We Asked the Creator of 'Sharknado' if Sharks Can Ever Be Scary Again

FYI.

This story is over 5 years old.

Entertainment

We Asked the Creator of 'Sharknado' if Sharks Can Ever Be Scary Again

Classic jump scares in ‘47 Meters Down’ aren’t cutting it for mainstream audiences, so we consulted the king of upping the shark movie ante.

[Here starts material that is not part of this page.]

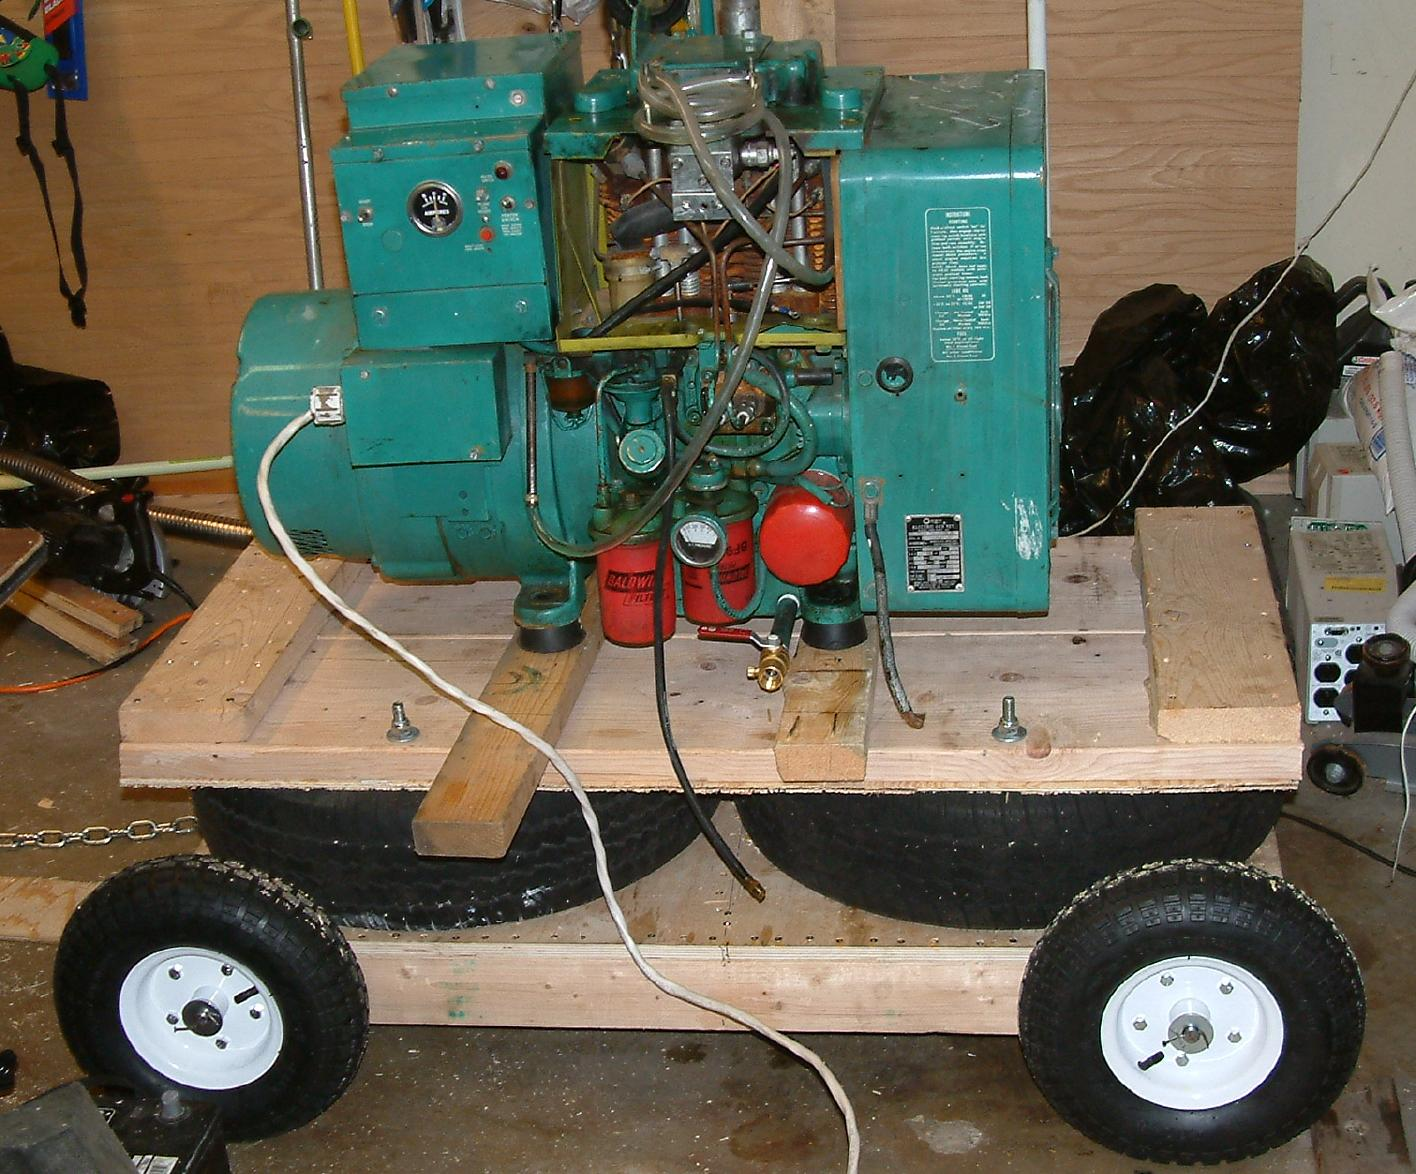 Re: ANOTHER Onan DJE generator starting problem! (Thursday)

Beach season is getting into full swing, so I'm back to my annual masochistic tradition of marathoning shark movies, ruining any chance I have of enjoying a dip in the ocean without over-thinking every shape and shadow in the water. But with so many variations on the genre, and new movies coming out every year, it's a miracle that anyone can keep things fresh, let alone scary. This summer's 47 Meters Down pulls off an original take, despite little critical or box-office love––it's definitely not Jaws, but with a 53 percent score on Rotten Tomatoes, it's way underrated. I walked away sore from tensing and squirming for 90 minutes, which has to be worth something.

Advertisement

So how does 47 Meters Down avoid just recycling old scares? Mostly by stripping down its premise and keeping it as contained and intense as possible. Two sisters vacationing in Mexico go cage-diving with great white sharks, and find themselves trapped at the bottom of the ocean––47 meters down––after their cage breaks loose. With limited oxygen, they find themselves having to wander out of the cage into the shark-filled open water periodically, looking for a way to save themselves. There's also a terribly boring and Bechdel-Wallace-test-bombing subplot about an ex-boyfriend, but that aside, the tension and jump-scares are pitch-perfect.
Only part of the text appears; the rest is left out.